Data segment:
++++++++

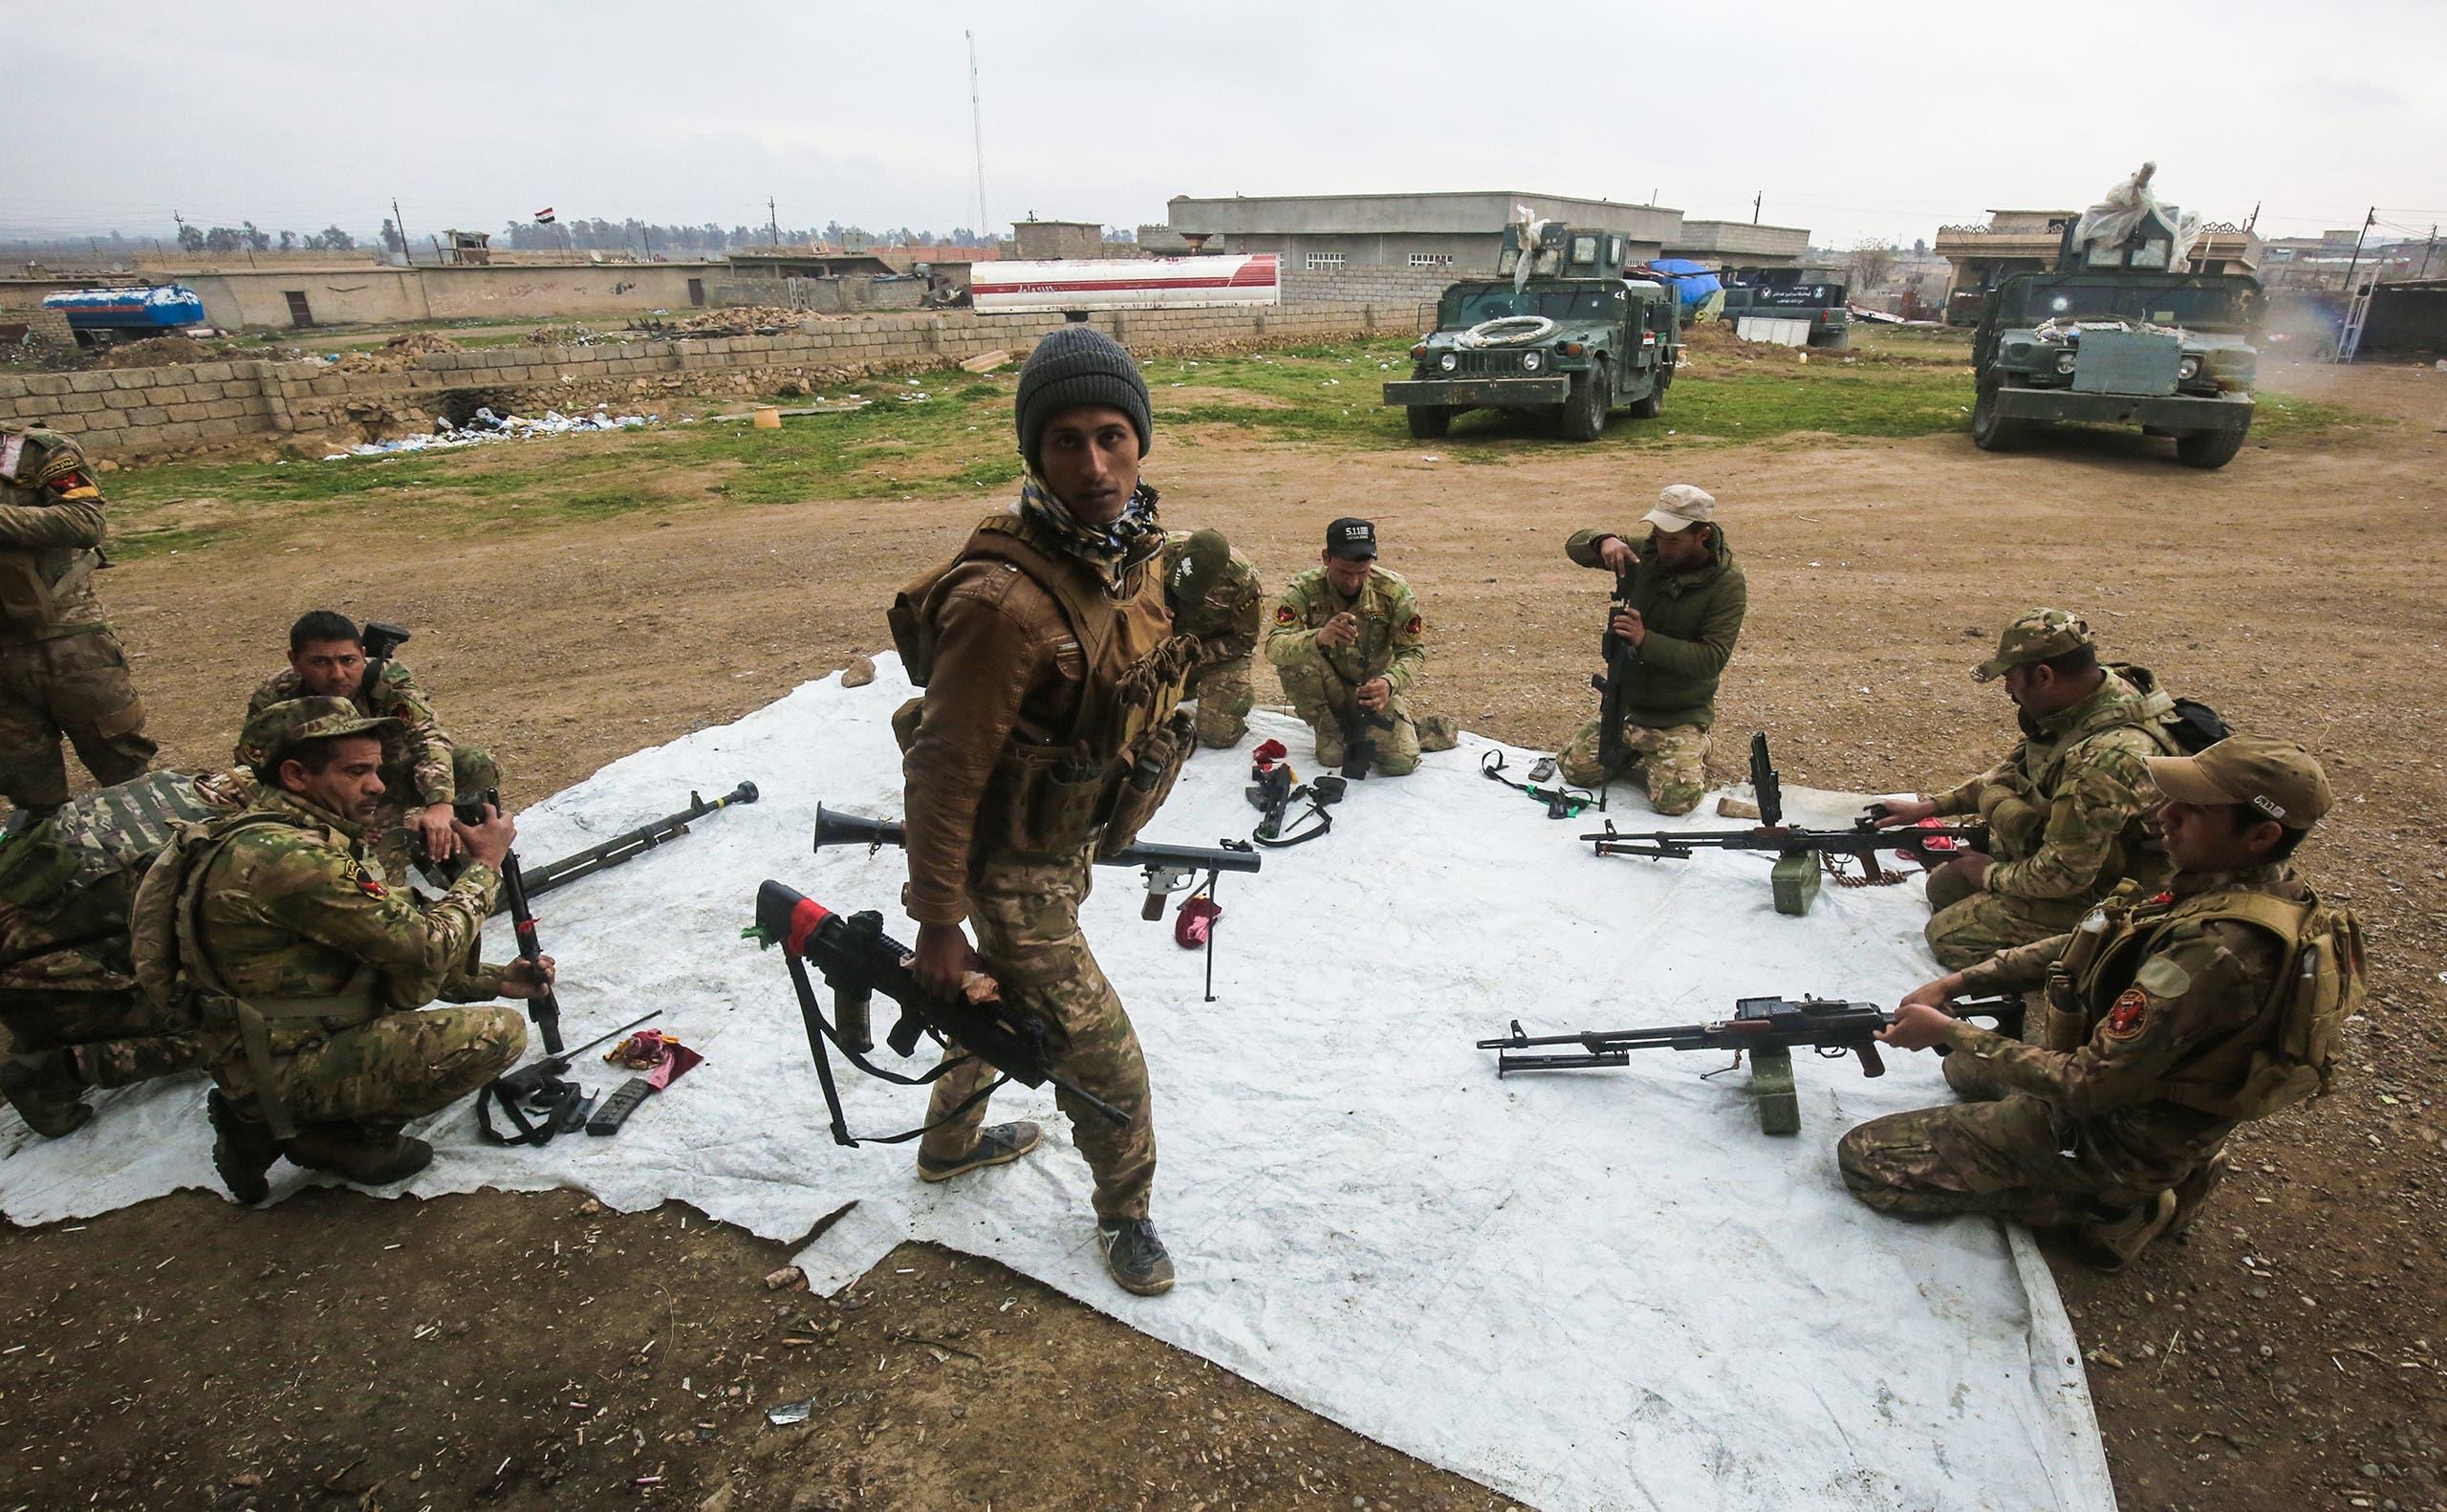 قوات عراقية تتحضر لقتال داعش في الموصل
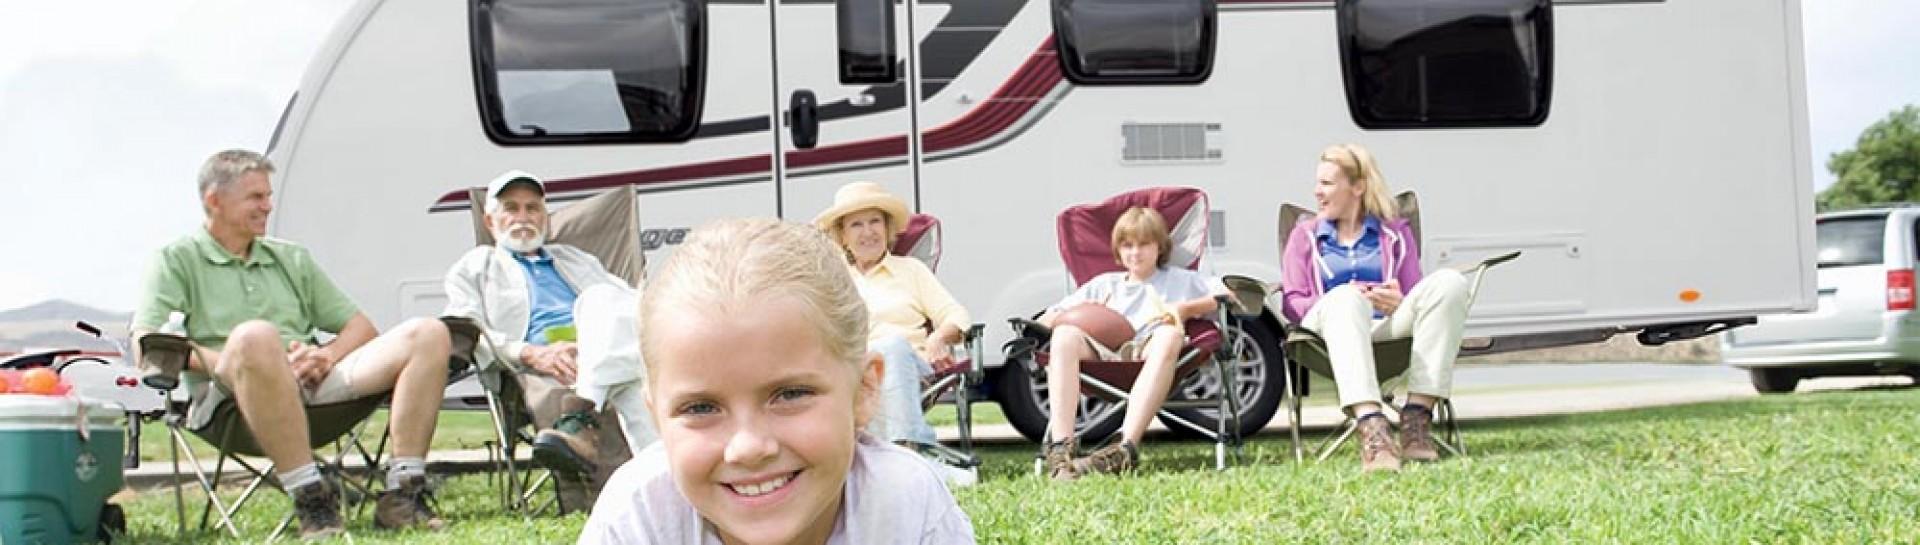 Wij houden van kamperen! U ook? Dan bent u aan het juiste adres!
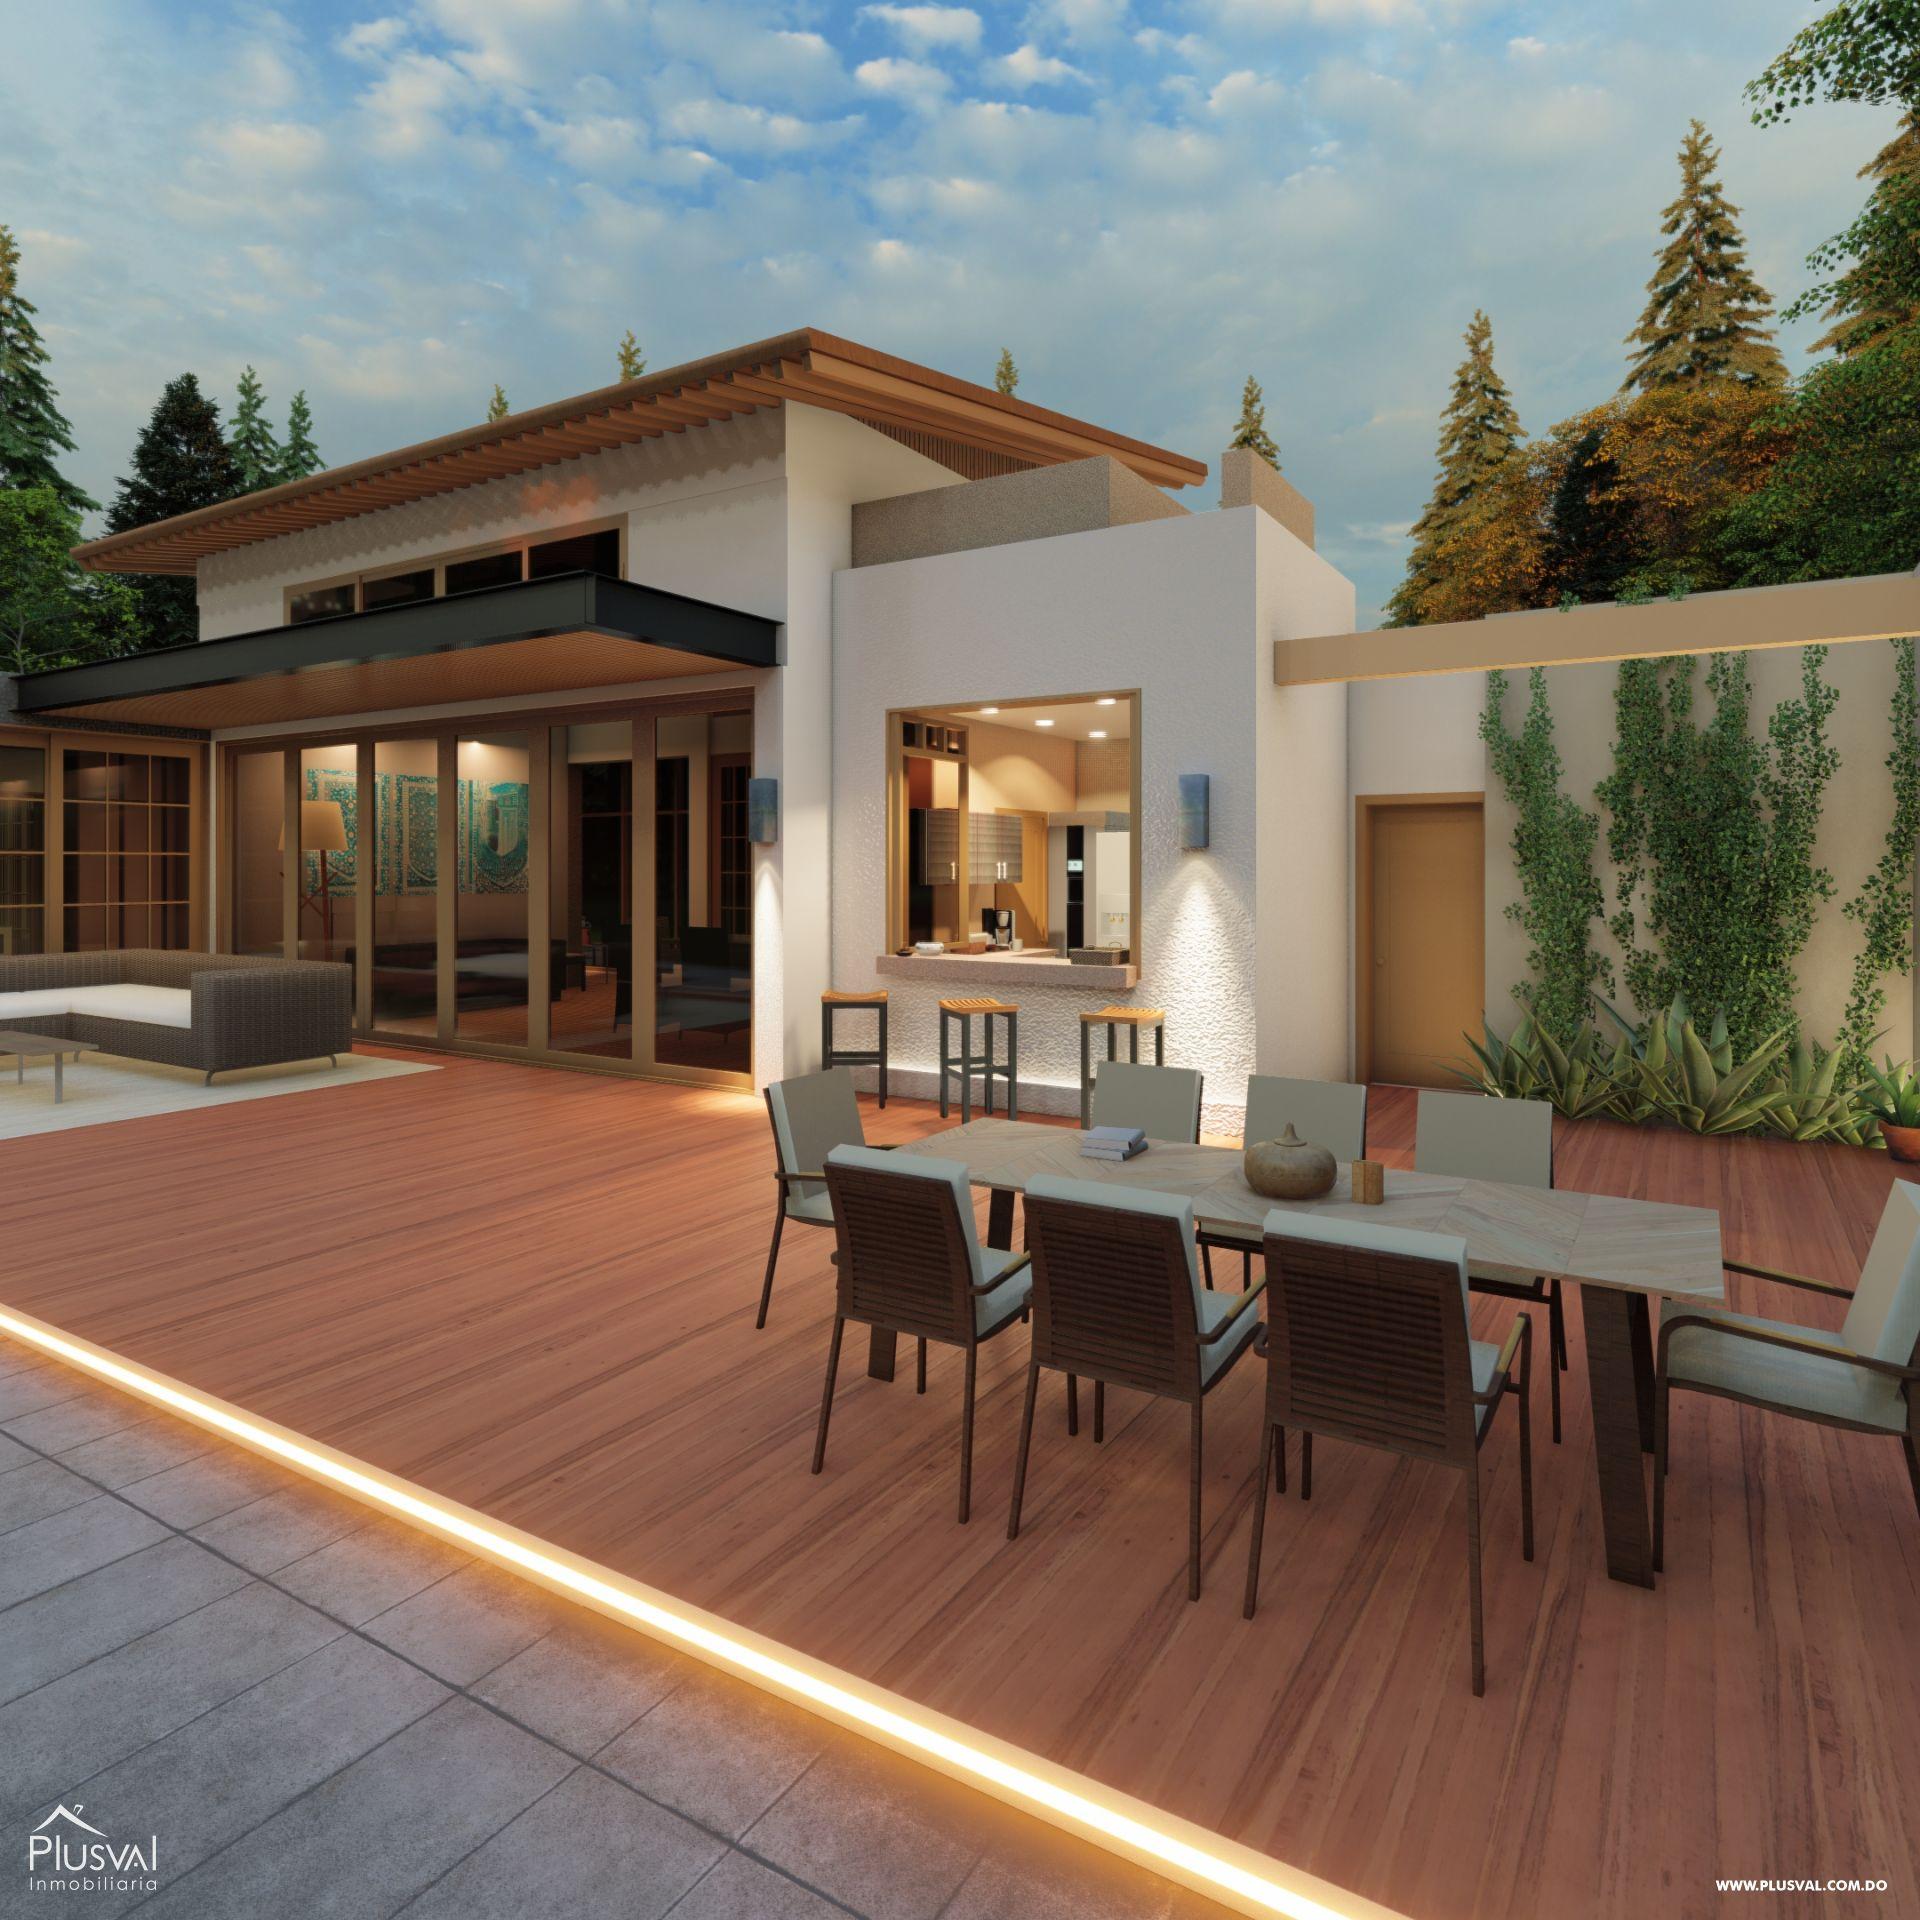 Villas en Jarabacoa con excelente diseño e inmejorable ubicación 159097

++++++++

Would you set down the listing exactly, omitting pictures?

 قوات عراقية تتحضر لقتال داعش في الموصل
 Wij houden van kamperen! U ook? Dan bent u aan het juiste adres!
 Villas en Jarabacoa con excelente diseño e inmejorable ubicación 159097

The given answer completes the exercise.